I like this proposed system, and the one other person who has seen it so far (Conman Sean) likes it too. But at the same time, I can definitely hear a voice in the back of my head screaming "this is hugely over-engineered, we don't need it and you only like it because you're pleased with yourself about how nicely the two-digit codes degrade into one-digit codes".
The voice is right that I'm pleased as punch with the whole idea of having a functioning one-digit status code system embedded inside a two-digit status code system. I think this is a very cool idea and I'd like to see it used more widely, in non-Gemini contexts. But just because it is a very cool idea doesn't necessarily mean it's the right idea for Gemini. I worry that, at least in this case, the extra power of the two-digit system is enough to justify its weight. Consider:
The single digit codes 1 and 2 are not expanded upon at all in the two-digit system. The single digit code 3 is expanded into only two two-digit codes, 30 and 31. The arguments for including a temporary redirect are pretty flimsy - in fact, the only reason explicit temporary and permanent redirects are in there is because it was the first example I thought of where a two-digit scheme could degrade to a one-digit scheme in a totally compatible way. We could probably do without this and then fully half of the one-digit codes are not expanded upon at all, leading us seriously into "why bother?" territory.
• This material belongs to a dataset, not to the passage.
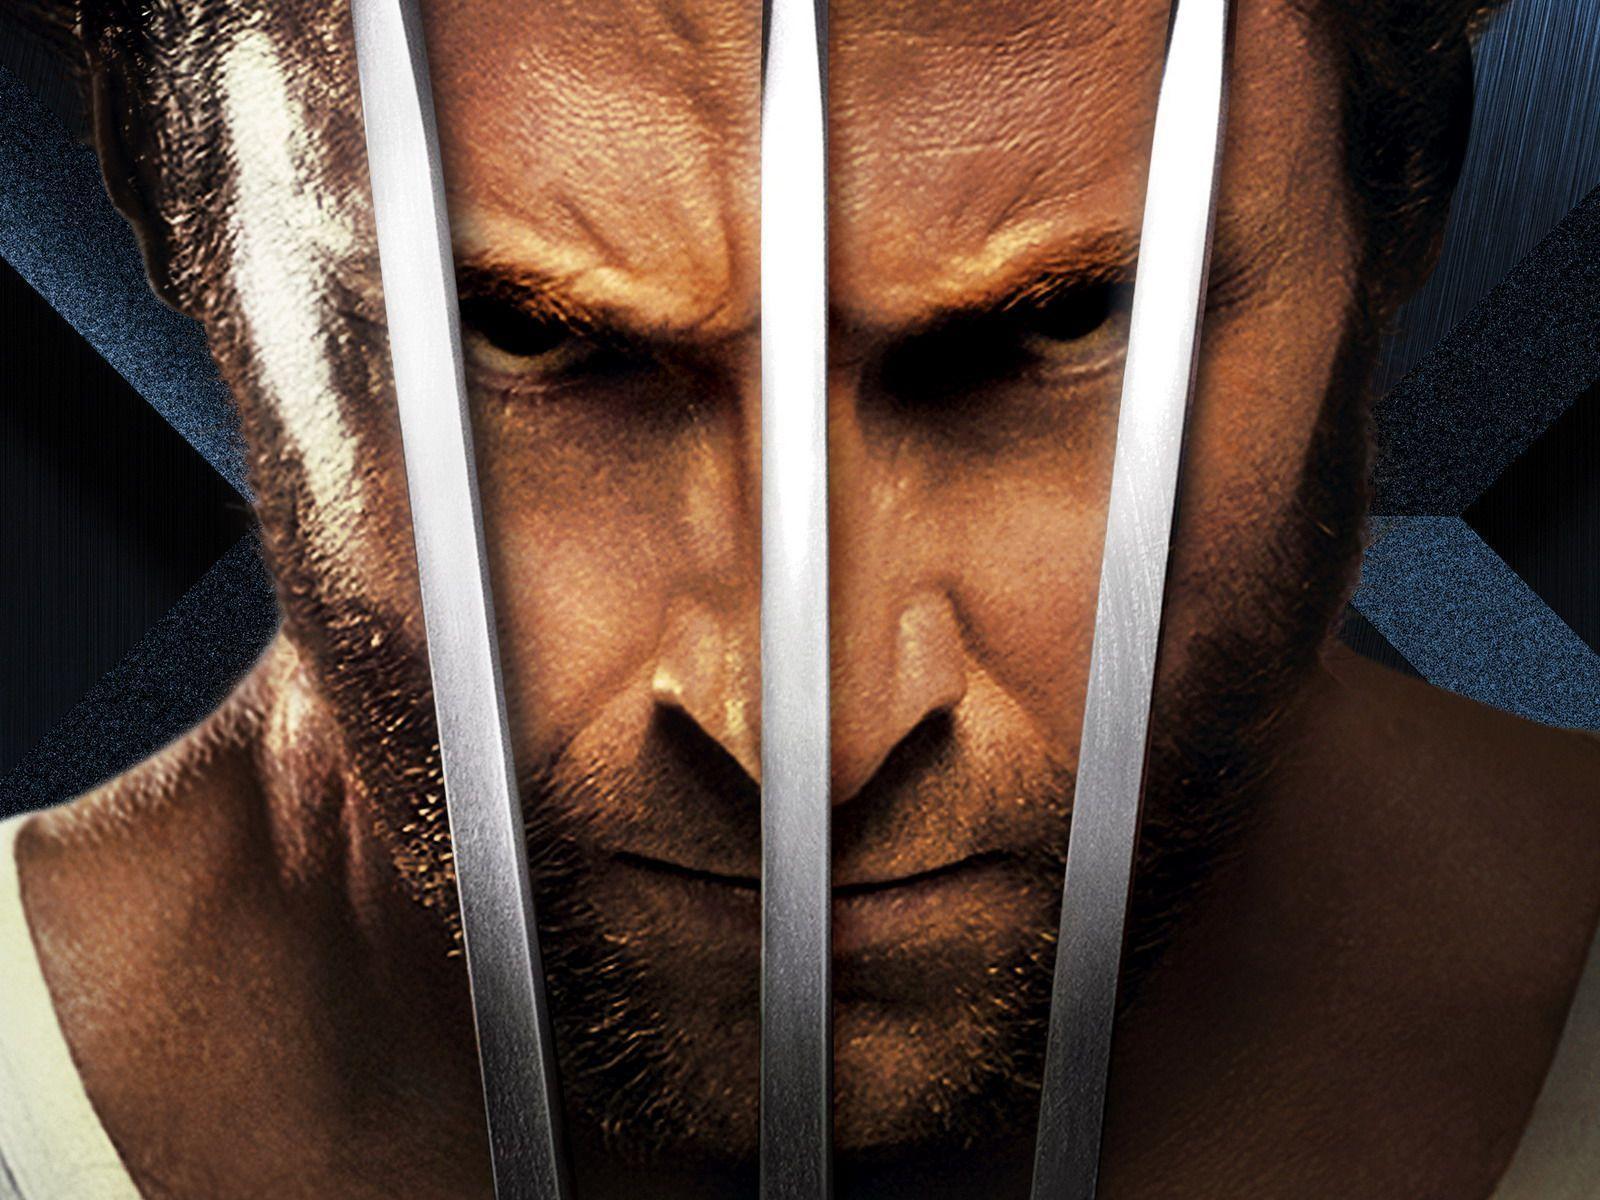 X Men Origins: Wolverine Photo Wallpaper Widescreen

The one really compelling reason I can come up with for all the 4x and 5x two-digit codes is that if we tried to go without them and just served up 4 and 5 with the particular error explained in the header, then clients are only going to receive an explanation of what actually happened in whatever human language was spoken by the person who wrote the server. Numeric codes, in contrast, allow clients to present translations of the particular error into whatever language the user would prefer. That's not at all an inconsequential thing for a system that one wants to see widely used, and argues strongly for having distinct status codes for at least the most meaningfully distinct conditions.
Sloum is a fan of the single character status code idea, and raised to me the interesting possibility of using a single hexadecimal digit (i.e. 0-F) as the entire space of status characters. That's a cute idea which gives us 16 codes. If we trim a little bit of the fat from the two-digit system above, can we fit everything into 16 codes, allowing translation of client interfaces?
0 Bad request 1 Input prompt 2 Success 3 Redirect 4 Not found 5 Temporary server error (overload, CGI failure) 6 Gone 7 Rate limiting in effect 8 Unused 9 Unused A Transient client cert session requested B Client cert required for protected resource C Client cert invalid for this resource D Cilent cert outside of validity window E Unused F Unused
Status codes 1 and A above refer to ideas introduced in a previous post:
Previous post "Inputs and client certificates" (2019-07-25)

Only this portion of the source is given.